You'll need to define an udf as followed and then select each field. I have used the same data you did with a tab separator.
from pyspark.sql.functions import udf
from pyspark.sql.types import *
df1 = spark.read.format('com.databricks.spark.csv').options(header='true',delimiter='\t').load('./sample.txt')
df1.show()
# +----+----------------+-------+----------------+--------------------+
# | id| timestamp|routeid| creationdate| parameters|
# +----+----------------+-------+----------------+--------------------+
# |1000|21-11-2016 22:55| 14|21-11-2016 22:55| RSRP=-102,|
# |1002|21-11-2016 22:55| 14|21-11-2016 22:55|RA Req. SN=-146,T...|
# |1003|21-11-2016 22:55| 14|21-11-2016 22:55|RA Req. SN=134,RX...|
# +----+----------------+-------+----------------+--------------------+
现在让我们定义我们的 UDF 如上所述:
Now let's define our UDF as mentioned above :
import re
def f_(s):
pattern = re.compile("([^,=]+)=([0-9\-]+)")
return dict(pattern.findall(s or ""))
我们可以直接在简单"样本上测试该函数:
We can test the function directly on a "simple" sample :
f_("RA Req. SN=134,RX Antennas=-91,MCS=-83,TPC=-191,")
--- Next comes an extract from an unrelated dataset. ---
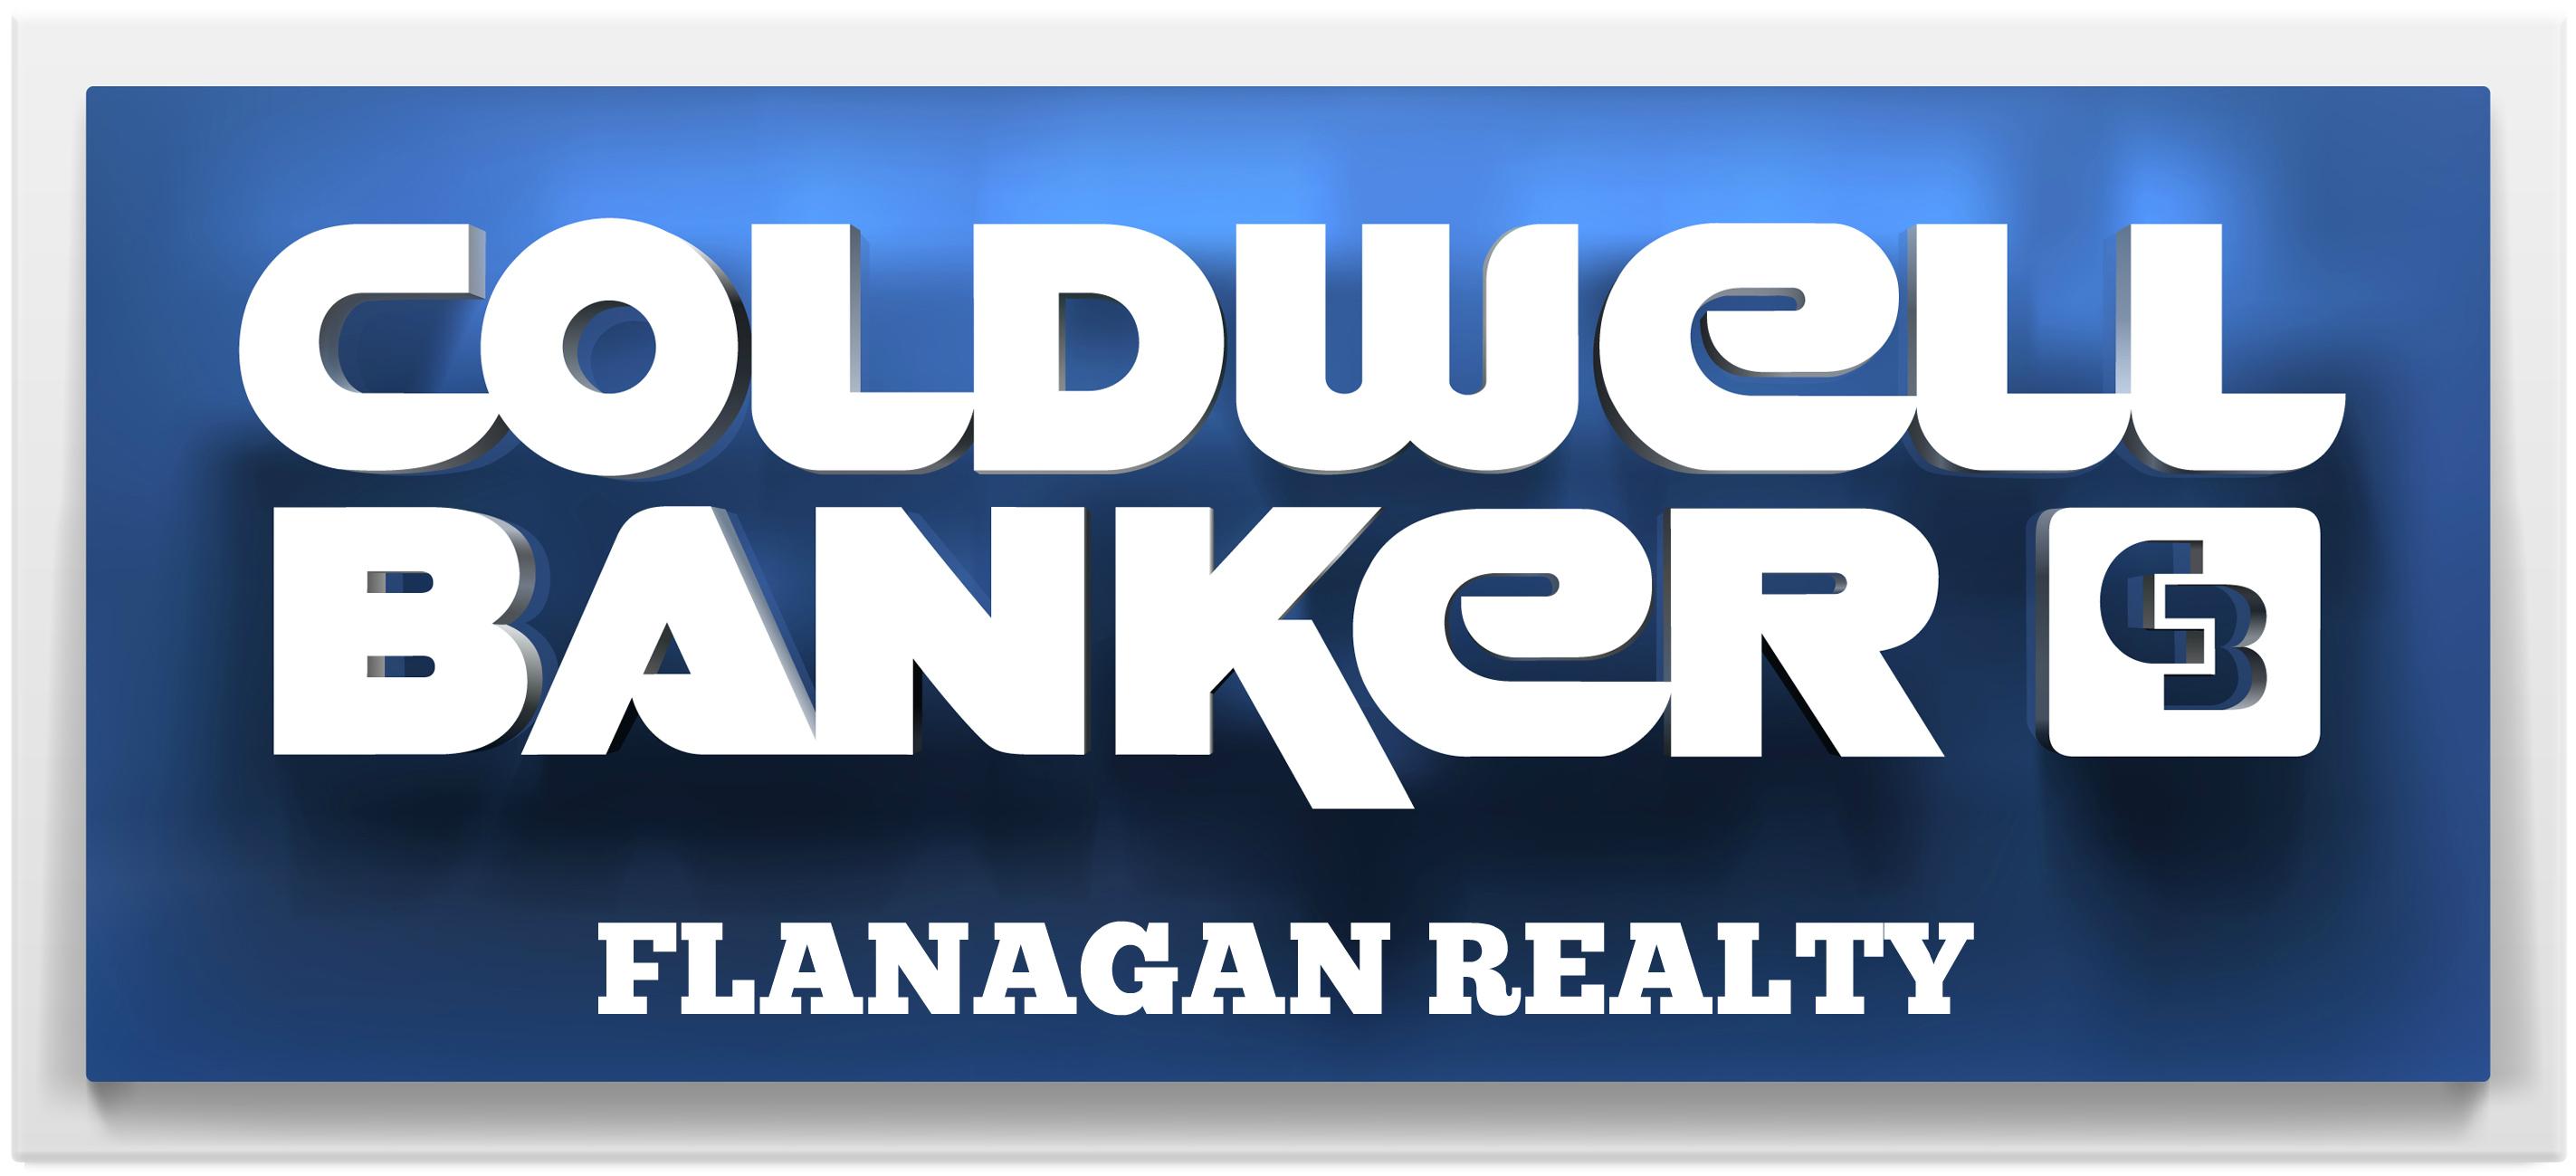 Coldwell Banker Flanagan Realty logo

# {'RA Req. SN': '134', 'RX Antennas': '-91', 'TPC': '-191', 'MCS': '-83'}
好的,它可以工作了.我们现在可以注册在 SQL 中使用:
Ok it's working. We can now register to use in SQL :
spark.udf.register("f", f_, MapType(StringType(), StringType()))
spark.sql("SELECT f('RA Req. SN=134,RX Antennas=-91,MCS=-83,TPC=-191,')").show()
# +---------------------------------------------------+
# |f(RA Req. SN=134,RX Antennas=-91,MCS=-83,TPC=-191,)|
# +---------------------------------------------------+
# | Map(RA Req. SN ->...|
# +---------------------------------------------------+
但就您而言,我认为您会对每个字段的实际 udf 感兴趣:
But in your case, I think that you'll be interested in an actually udf for each field :
extract = udf(f_, MapType(StringType(), StringType()))
df1.select(df1['*'], extract(df1['parameters']).getItem('RSRP').alias('RSRP')).show()
# +----+----------------+-------+----------------+--------------------+----+
# | id| timestamp|routeid| creationdate| parameters|RSRP|
# +----+----------------+-------+----------------+--------------------+----+
# |1000|21-11-2016 22:55| 14|21-11-2016 22:55| RSRP=-102,|-102|
# |1002|21-11-2016 22:55| 14|21-11-2016 22:55|RA Req. SN=-146,T...|null|
# |1003|21-11-2016 22:55| 14|21-11-2016 22:55|RA Req. SN=134,RX...|null|
# +----+----------------+-------+----------------+--------------------+----+
这篇关于使用 PySpark 将复杂的 RDD 转换为扁平化的 RDD的文章就介绍到这了,希望我们推荐的答案对大家有所帮助,也希望大家多多支持!